The $150 Million Typo: AWS S3 and the Command That Broke the Internet
How a single mistyped command took down a third of the internet for 4 hours - a real-time problem-solving session for operational safety.
The $150 Million Typo: AWS S3 and the Command That Broke the Internet
The Problem Statement
You’re an AWS engineer debugging a billing system issue. It’s a routine Tuesday morning, February 28, 2017. You need to remove a small number of servers from one of the S3 subsystems to resolve the performance problem.
You have an established playbook. You’ve done this operation many times before. It’s a simple command to remove capacity from the system.
You type the command and hit enter.
In the next 4 hours, you’ll cause:
- Complete outage of Amazon S3 in the largest AWS region
- Disruption to thousands of websites and services
- $150 million in losses across S&P 500 companies
- AWS’s own status dashboard going dark (it relied on S3)

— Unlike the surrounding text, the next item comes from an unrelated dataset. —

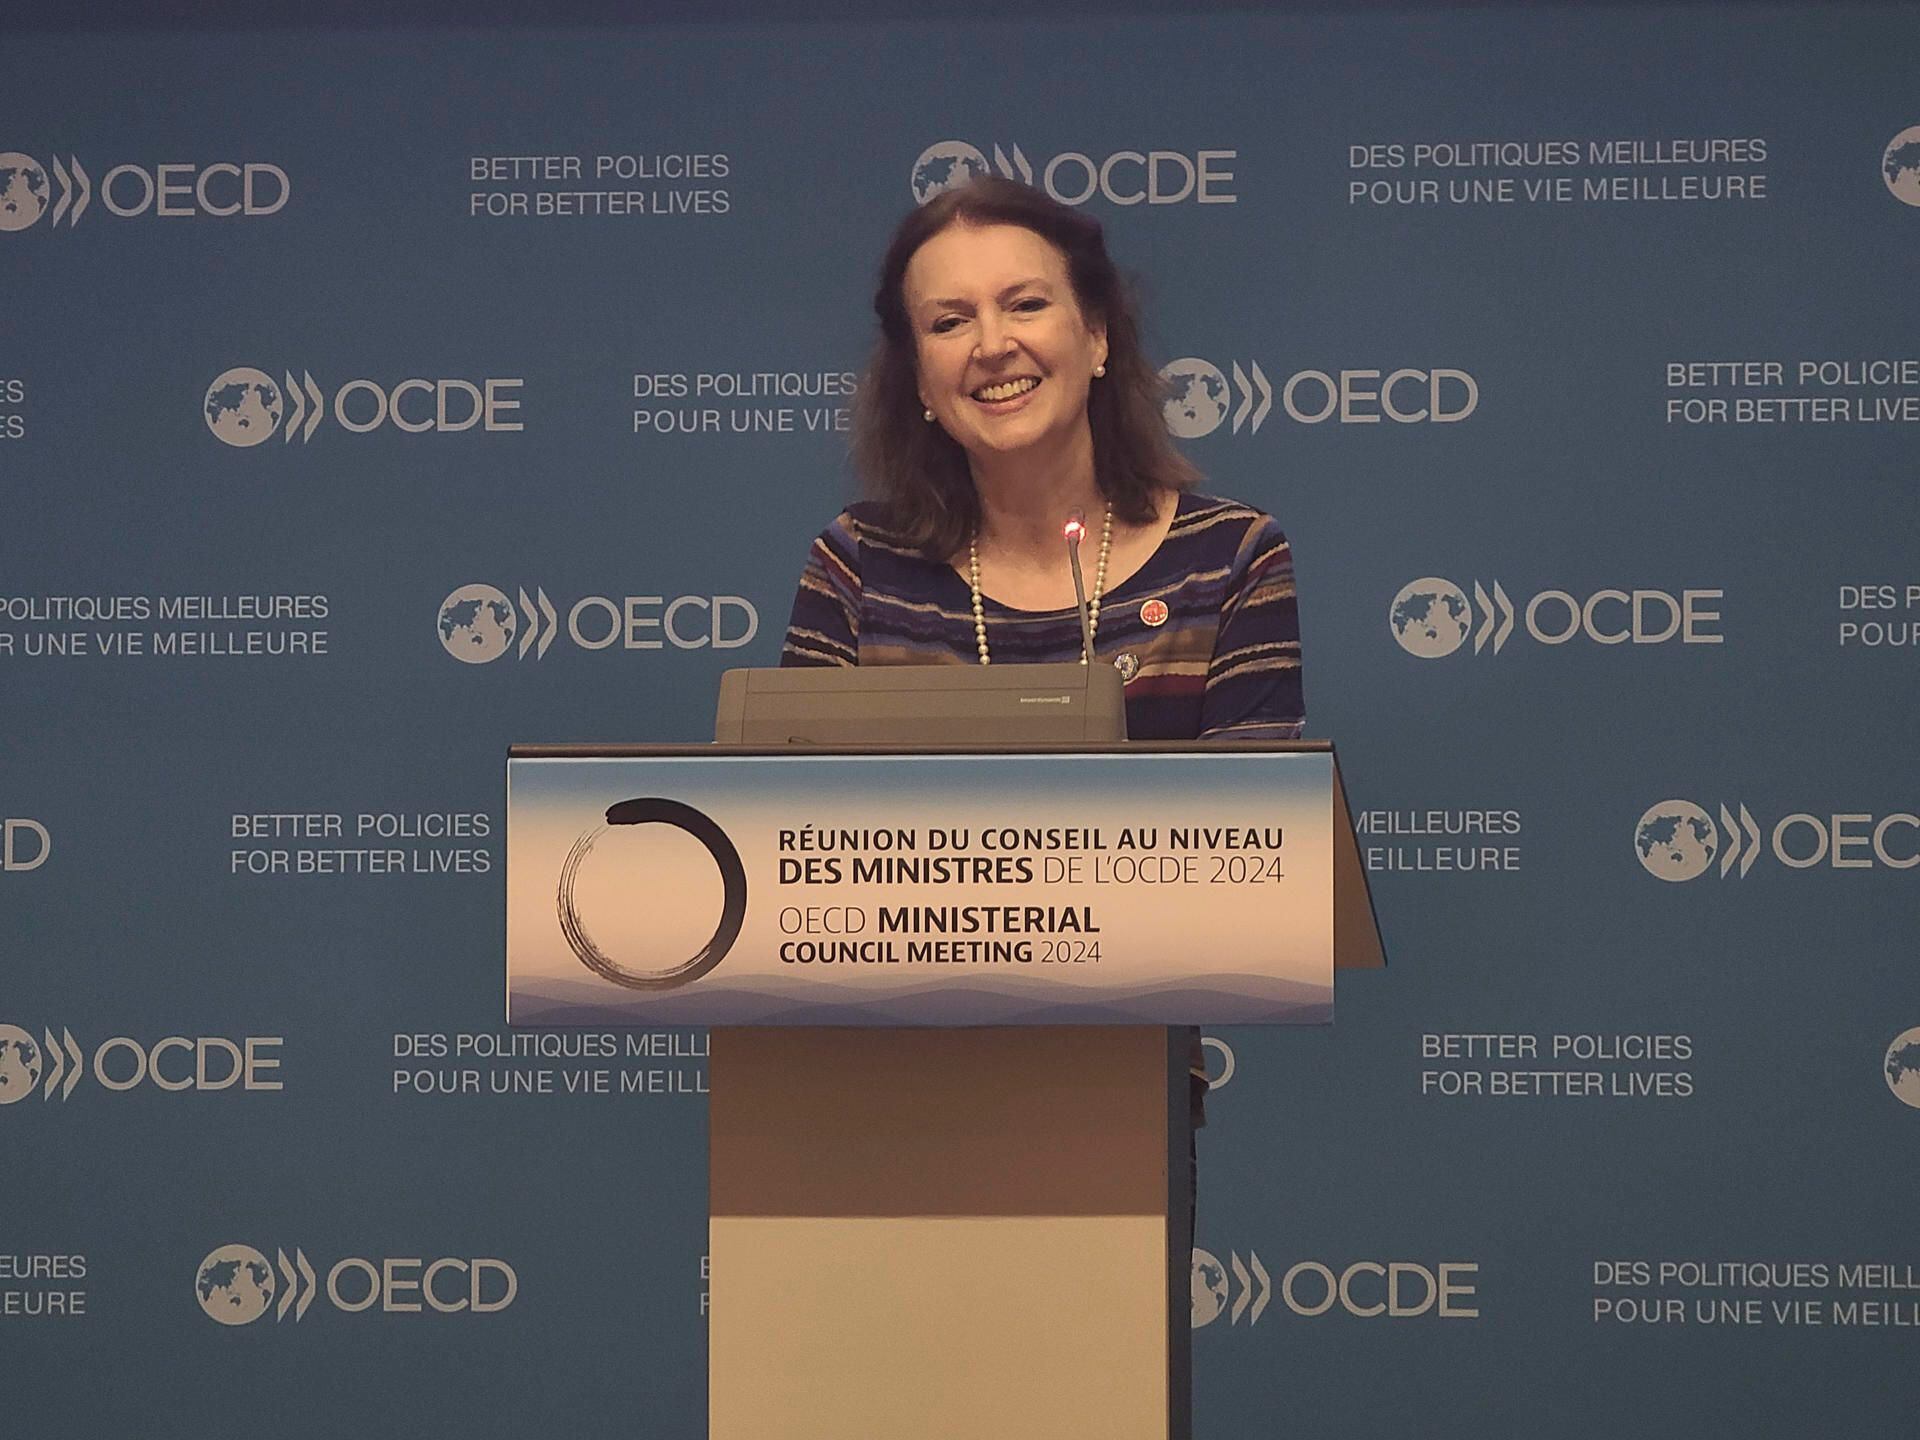 ¿La OCDE apoya a Milei? Dice que las ‘medidas restrictivas’ son para controlar la inflación en Argentina

This is the real story of the AWS S3 outage, based on Amazon’s official post-incident summary available at https://aws.amazon.com/message/41926/
Let’s work through this problem together and understand how one typo created one of the internet’s worst outages.
Setting the Scene: What We Know
The Business Context
- AWS S3 is the backbone of internet storage
- US-EAST-1 region serves massive traffic (default region for many services)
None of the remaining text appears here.